Sent from my SM-G950U1 using Tapatalk


----------



## Steve32

flipgun said:


> GZK is selling some of those and they are no better or safer IMHO than a plain stick shot.


But They look cool.

Sent from my SM-G950U1 using Tapatalk


----------



## Steve32

VAshooter said:


> The Chinese certainly have open minds when it comes to slingshot design. I wonder if the concept is old and where it originated?


Filipino gangs have used them for years. Pana. They shoot wicked homemade darts.

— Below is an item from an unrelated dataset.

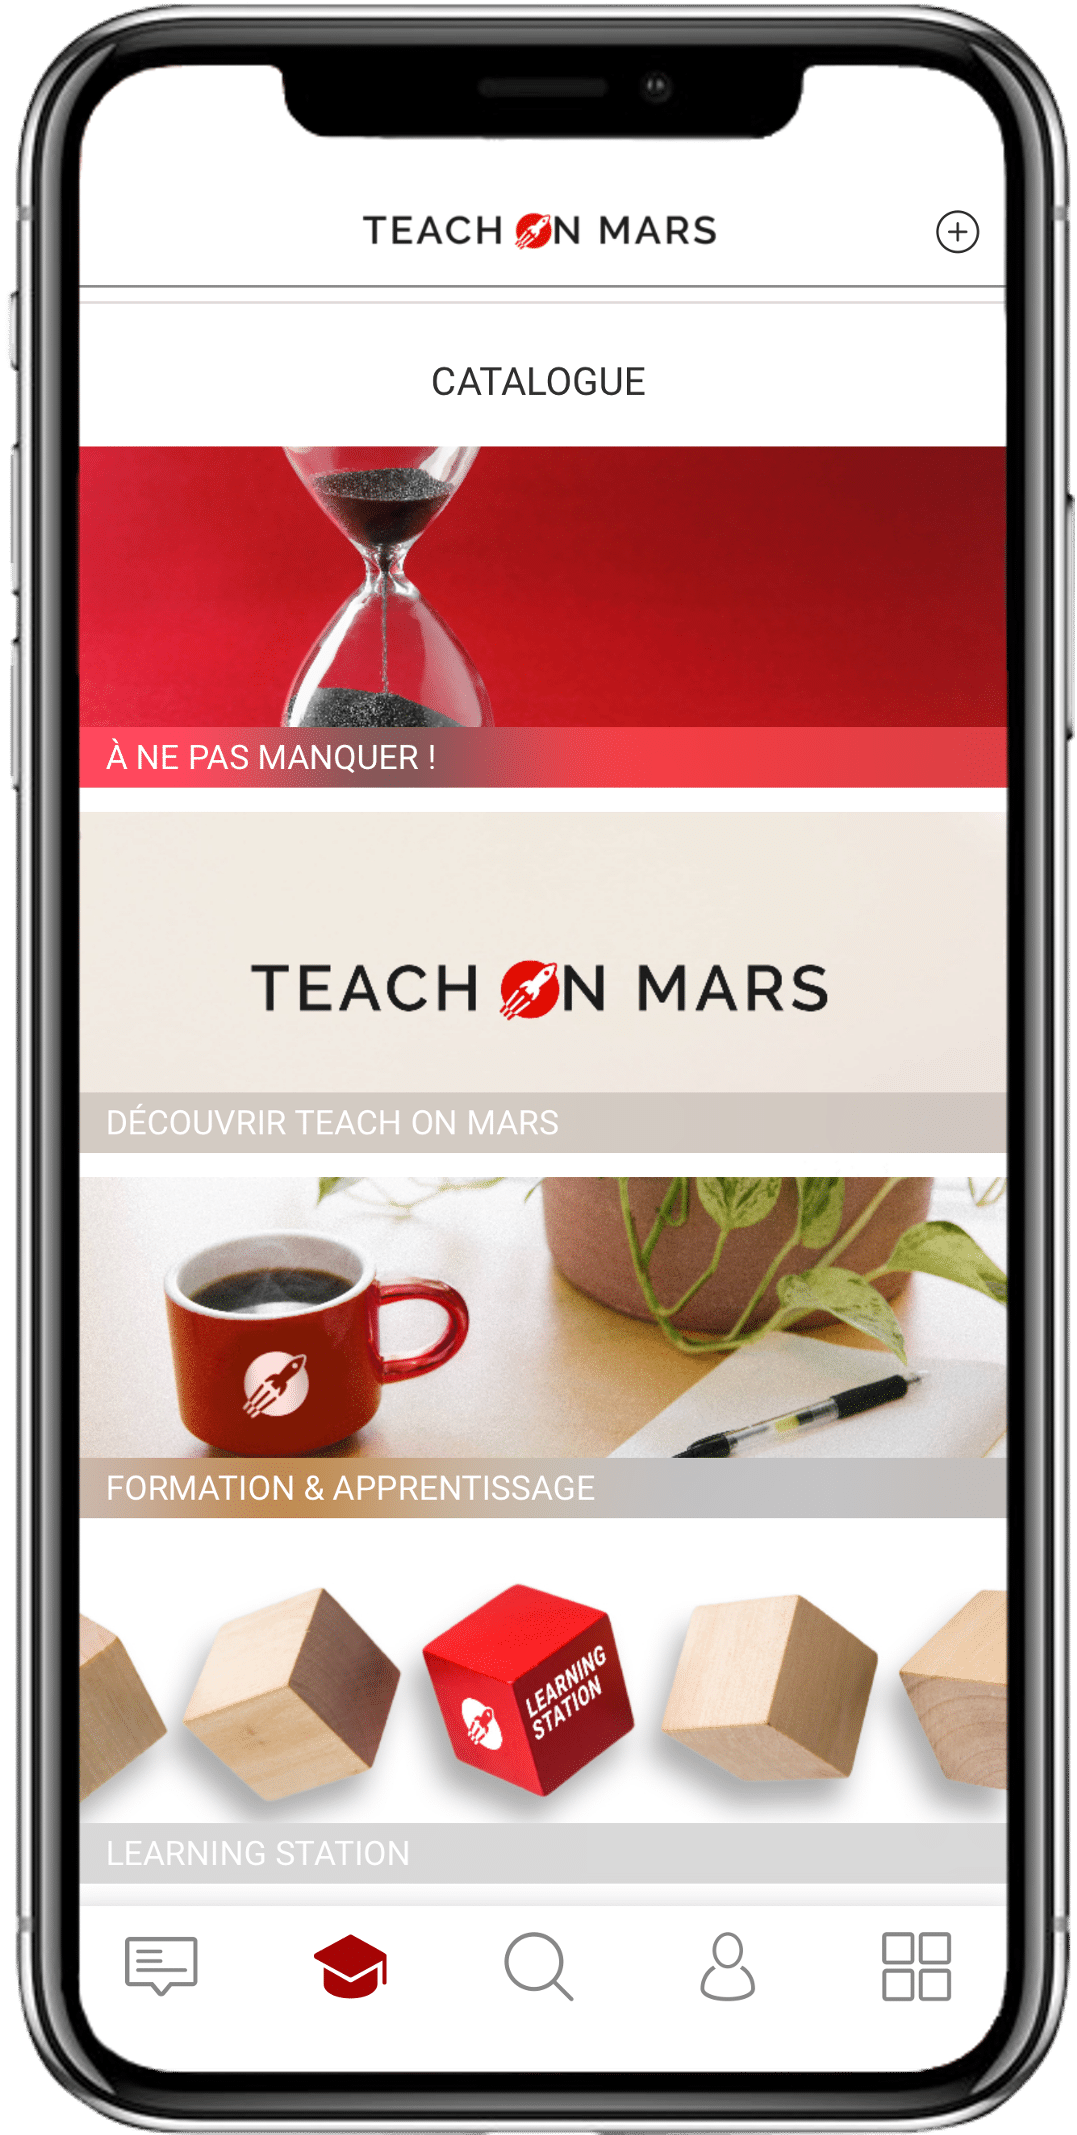 Interface de l'application Teach on Mars

Sent from my SM-G950U1 using Tapatalk


----------



## crazyslingshot

found it.

http://www.dankung.com/blogs/new-best-hunting-slingshot_2328

it looks decent



mattwalt said:


> UKprelude mentions DGUI - I remember seeing a post as well...
> 
> Dankung also have a similar one called the Chameleon (frameless slingshot)


----------



## mattwalt

Steve32 said:


> VAshooter said:
> 
> 
> 
> The Chinese certainly have open minds when it comes to slingshot design. I wonder if the concept is old and where it originated?
> 
> 
> 
> Filipino gangs have used them for years. Pana. They shoot wicked homemade darts.
> 
> Sent from my SM-G950U1 using Tapatalk
Click to expand...

It looks like a toy glider launcher - so that makes sense.


----------



## Secret Squirrel

Looks like a shoe.


----------



## Heifereye

It has been a few years since this was posted. Has anyone since tried it out? It's marketed as "Shanghai" or "Haipai" style shooting. I got one on a whim and have not have any success yet.


----------



## Lopeti

Heifereye said:


> It has been a few years since this was posted. Has anyone since tried it out? It's marketed as "Shanghai" or "Haipai" style shooting. I got one on a whim and have not have any success yet.


Bula from Fiji.
Since appr. 2years I'm shooting this slingshot. ...needs a lot of practice!!
But: once you knew (learning by doing) this little slingshot makes a lot of fun.
I use a 3mm solid rubber with 47 cm length. Can hit a target with 12 mm marbles at 20 meters without any problems. Flat band not to recommend as it slips of easy and is swinging like any other band in the wind.
Lopeti


----------



## Heifereye

Lopeti said:


> Bula from Fiji.
> Since appr. 2years I'm shooting this slingshot. ...needs a lot of practice!!
> But: once you knew (learning by doing) this little slingshot makes a lot of fun.
> I use a 3mm solid rubber with 47 cm length. Can hit a target with 12 mm marbles at 20 meters without any problems. Flat band not to recommend as it slips of easy and is swinging like any other band in the wind.
> Lopeti


I am using 2.5mm solid latex and 10mm clay ammo. I am getting a lot of return slap on my forearm. The 2.5mm latex was suppose to match with 8mm steel ammo. But since I am still getting frame hits with clay, I am reluctant to use steel. Are you using the haipai pouches also?


----------



## Lopeti

Heifereye said:


> I am using 2.5mm solid latex and 10mm clay ammo. I am getting a lot of return slap on my forearm. The 2.5mm latex was suppose to match with 8mm steel ammo. But since I am still getting frame hits with clay, I am reluctant to use steel. Are you using the haipai pouches also?





Heifereye said:


> I am using 2.5mm solid latex and 10mm clay ammo. I am getting a lot of return slap on my forearm. The 2.5mm latex was suppose to match with 8mm steel ammo. But since I am still getting frame hits with clay, I am reluctant to use steel. Are you using the haipai pouches also?


Bula or hello in Fiji
Had the same problems with fork, hand and fingerhits. Nearly give up and throw the thing away.
By change I discovered, when you're holding the slingshots and point with the thump towards the target, you don't have to flip forward and twist the pouch like you do with a pfs. This method works also very good with them..no twisting and flipping. The release is much like you do it with or ttf.
Therefore I can use my favourite pouch (12 mm ammo) for all three of them.
Try out what's the best size of rubber and which length you feel confident.
See pics how I hold it.
Lopeti


----------



## Lopeti

Pics where


----------



## treefork

Lopeti said:


> Pics where


In the second pic are you aiming at the guy on the bike ?


----------



## Heifereye

treefork said:


> In the second pic are you aiming at the guy on the bike ?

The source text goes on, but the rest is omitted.